Eric McCorker is a Professor of English at St. Anthony’s College, Waterloo, and author of such works as Inspecting the Sties, The Paradise No Smell and The Terrible Army of Women Stole My Codpiece (Pigpen Books, Canada).

Séamus O’Toole recently suffered rationalization—while on sabbatical in Galway—in the downsizing of Nova Scotia’s system of some thirty-seven universities. Because it was too late to revise without upsetting the typesetter, he would like here to qualify nigh onto retraction his praise of the revs. Patrick Fitzgerald and Gerald Fitzpatrick. O’Toole now holds a sessional cross-appointment at the University of Ottawa in the Department of English, the Effective Writing Clinic and the Faculty of Medicine, teaching Canadian literature and correcting colon splices.
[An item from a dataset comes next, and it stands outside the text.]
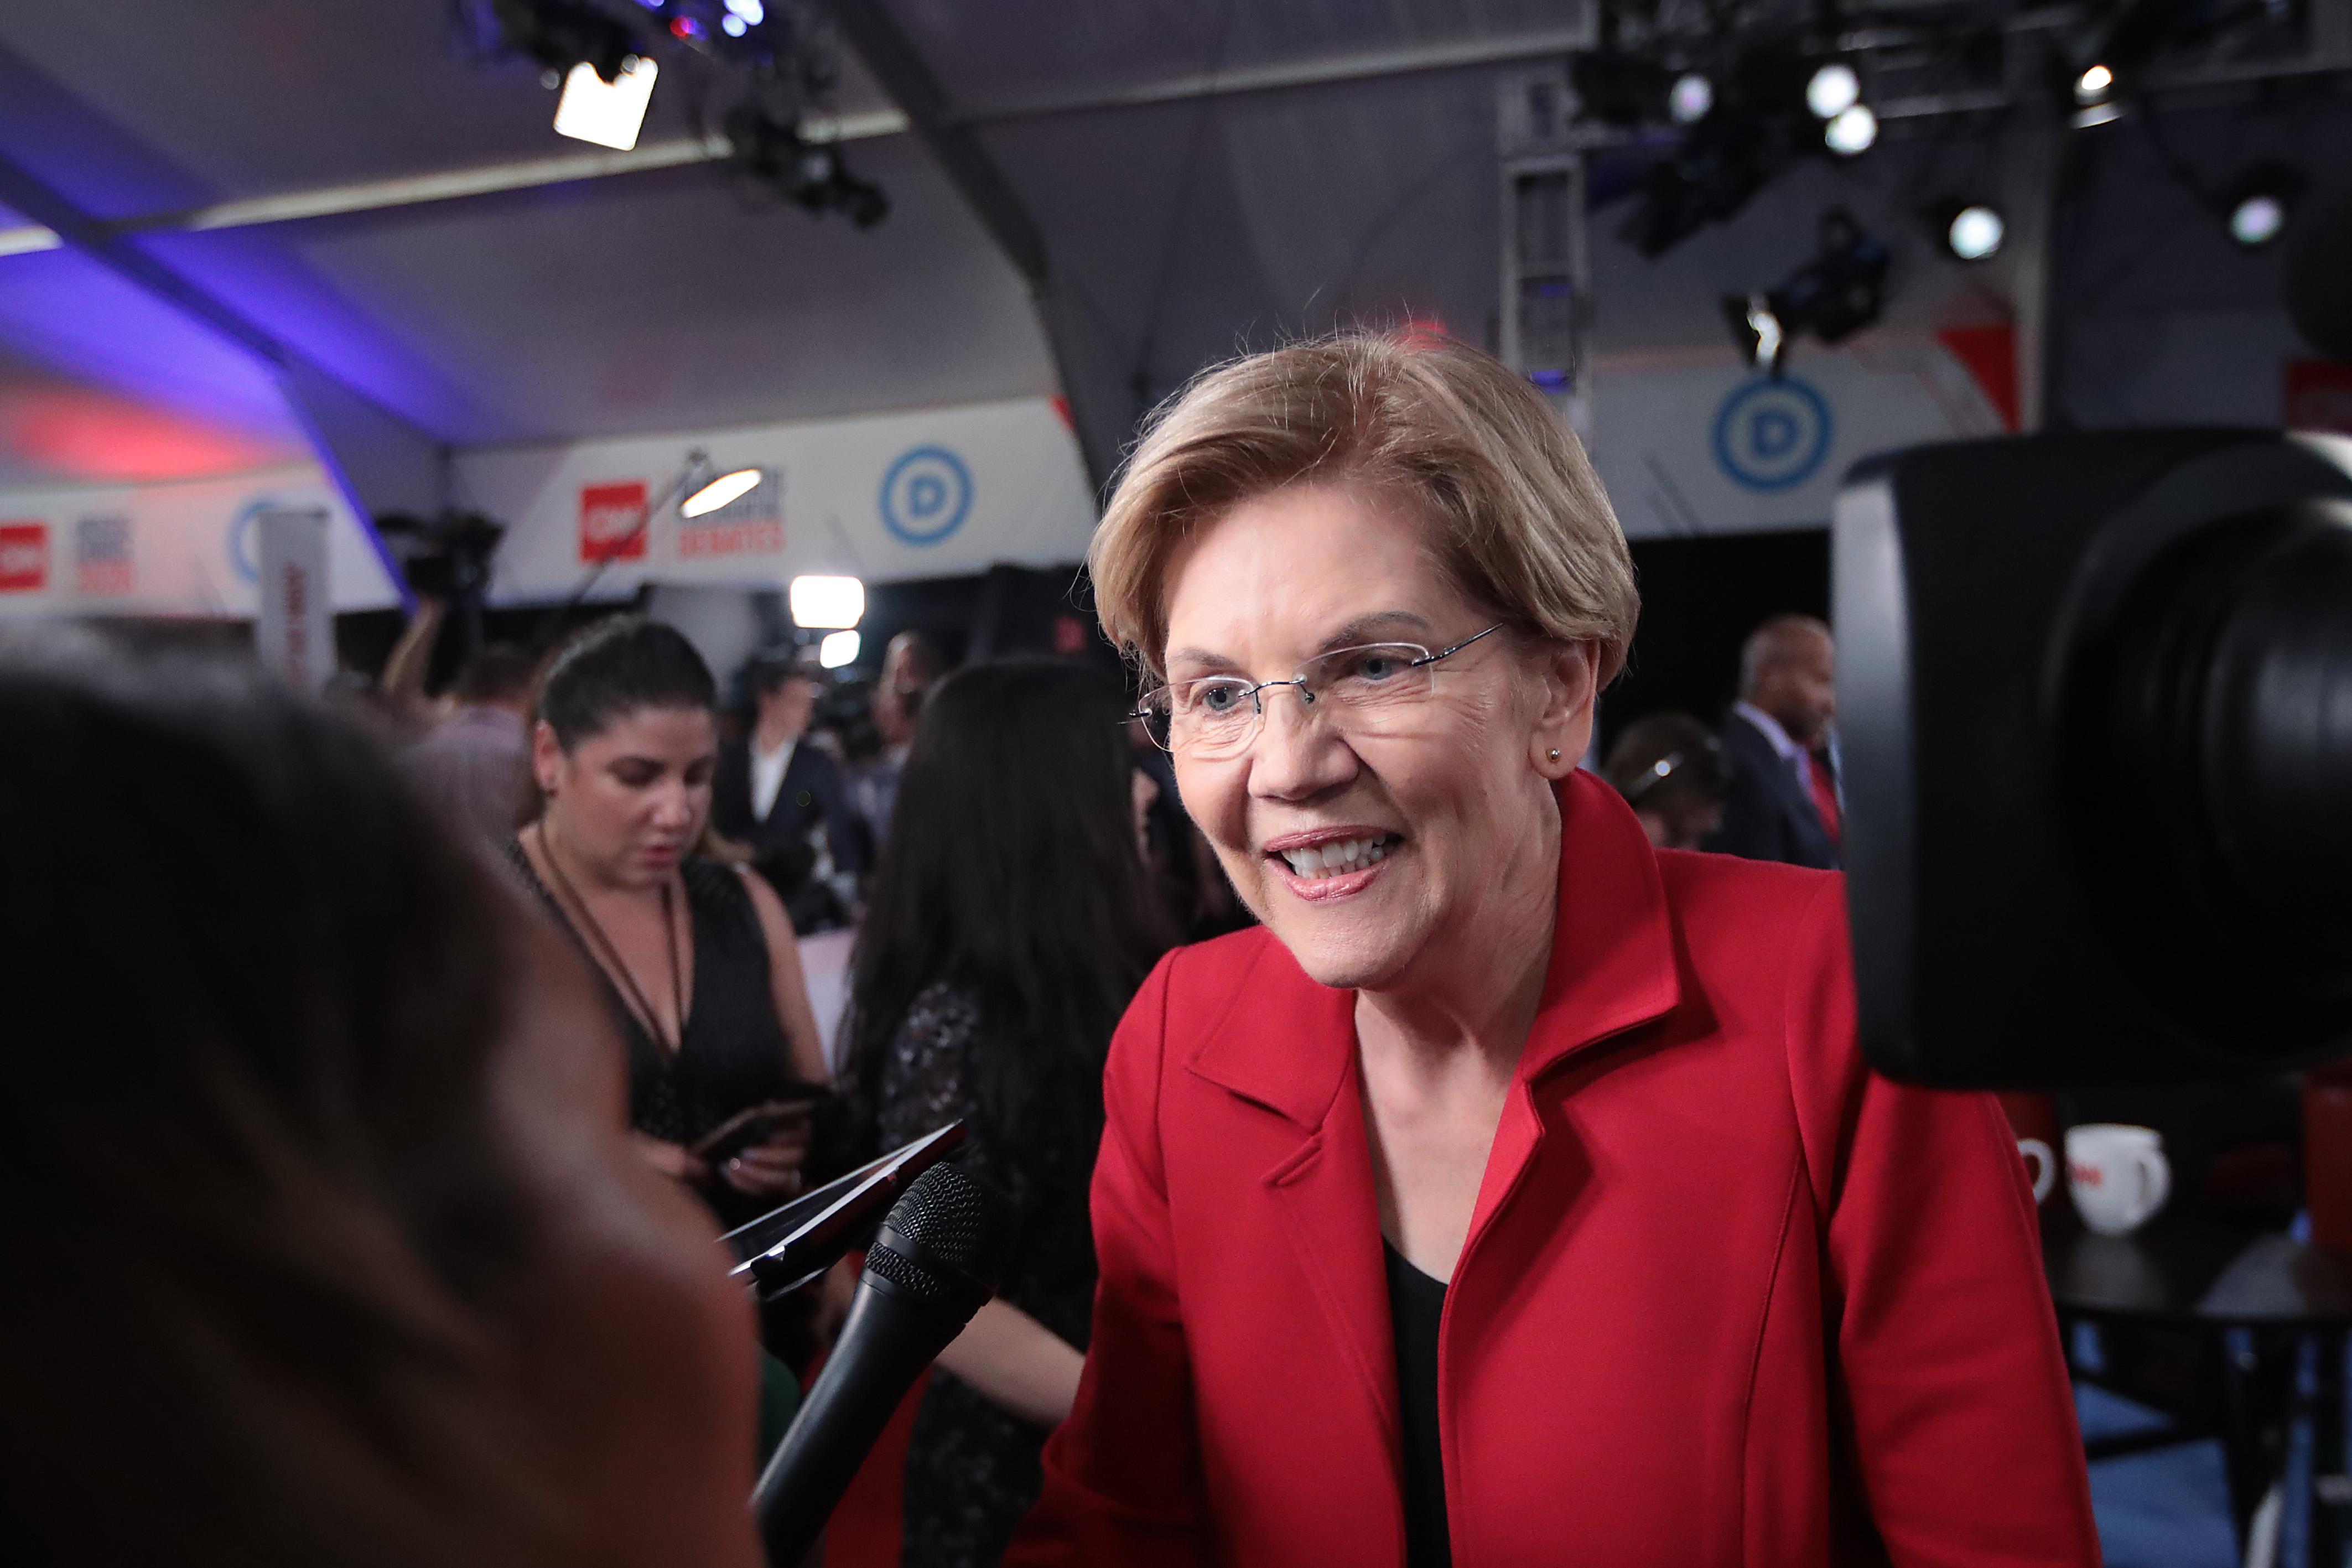 Elizabeth Warren has a new plan to reduce gun violence by 80 percent

Rosemary Stuffing is the granddaughter of a turkey farmer. She is currently an Associate Professor at Mount St. Vincent University, where she holds a joint appointment in the Departments of English and of Tourism and Hospitality Management. She has published extensively on utopian literature, gender issues, and problems of portion control in the catering industry.

Dr. Elizabeth Thompsow, a brilliant scholar specializing in early Canadian writing, is currently and inexplicably unaffiliated. She has published one book, the naive but seminal The Pioneer Woman: a Canadian Character Type, and is working on several others. She will appear in the soon to be released documentary film Susanna Moodie: the Enduring Enigma in which she says that Susanna was friendless, untalented, and possibly as “crazy as a bag of hammers.”

Jane Toskins, who teaches at a Western University, did not, as a child, own a guinea pig, nor did she have the felicity of growing up on a pig farm, but she has been a student at the trough of learning on two continents and hopes that this early work shows some signs of the produce soon to emerge.